# Another ootheca quetion?



## Precious (Sep 3, 2007)

Answers vary in forum history as to the length of diapause for a Chinese ooth. I found 1 mos., 3 mos., and 8 weeks. Does anyone know which it is and when should it be refrigerated (as in how long after the ooth is laid before diapause)? Thank you.


----------



## OGIGA (Sep 3, 2007)

I don't think it's actually necessary but I may be wrong.


----------



## Precious (Sep 3, 2007)

Thanks! Are there some species that require a diapause and does anyone know what effect it has? ie. Say a Chinese requires diapause, what happens if it doesn't get it? Less babies? No babies? Why? I wonder if there is more to it than just "overwintering". I'll do some research, after I grill the lamb chops :wink: .


----------



## asdsdf (Sep 3, 2007)

Chinese don't need diapause. One breed that does is European.

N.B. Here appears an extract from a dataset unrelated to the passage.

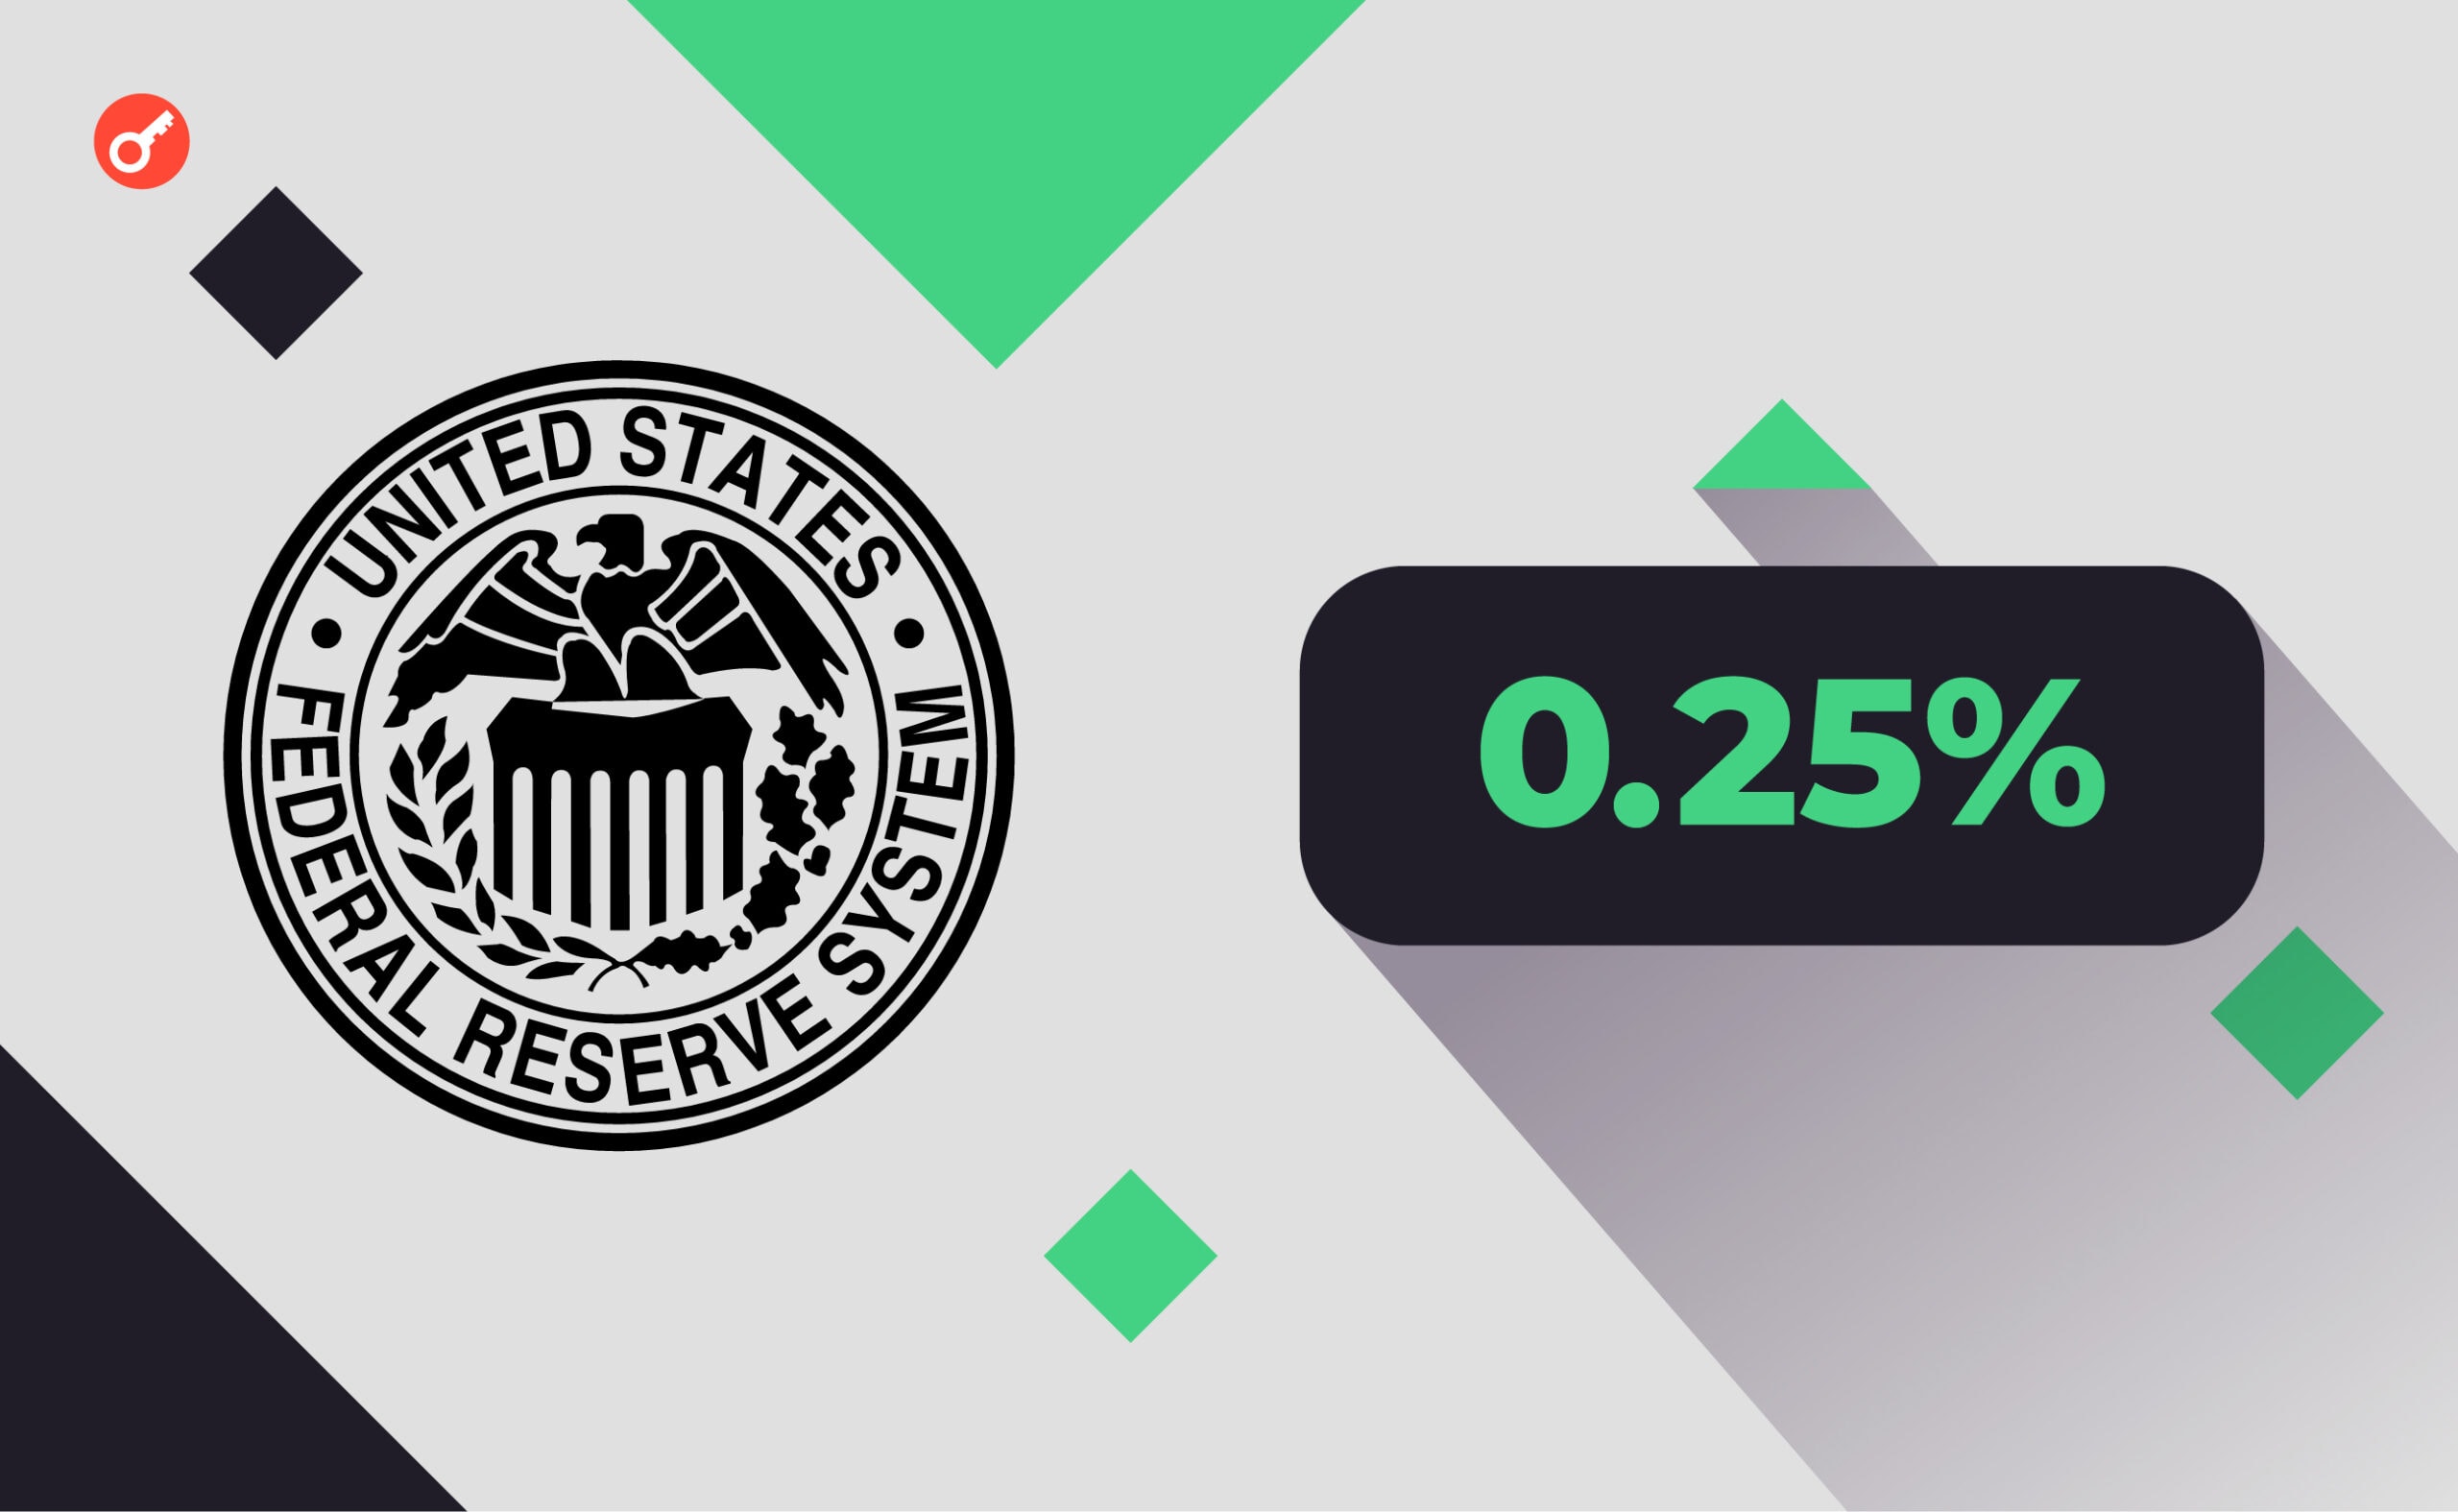 ФРС підвищила процентну ставку в 11-й раз. Біткоїн зберіг позиції. Головний колаж новини.

If there isn't, then no hatchlings will emerge.


----------



## hibiscusmile (Sep 3, 2007)

I raise about 2000 :shock: a year and mine all go thru a dispause, at least of 6 weeks.


----------



## Precious (Sep 3, 2007)

Do you do it for convenience or do you think it has a positive effect even in cases where it isn't "necessary"? And what are you doing with all of those bugs?!


----------



## hibiscusmile (Sep 3, 2007)

I guess I do it because here in Ohio they survive outside all winter and we sometimes get below 0 for weeks at a time, and they survive so I see no reason to change it. I also have European I raise with them and they stay outside as well. I sell them :lol:


----------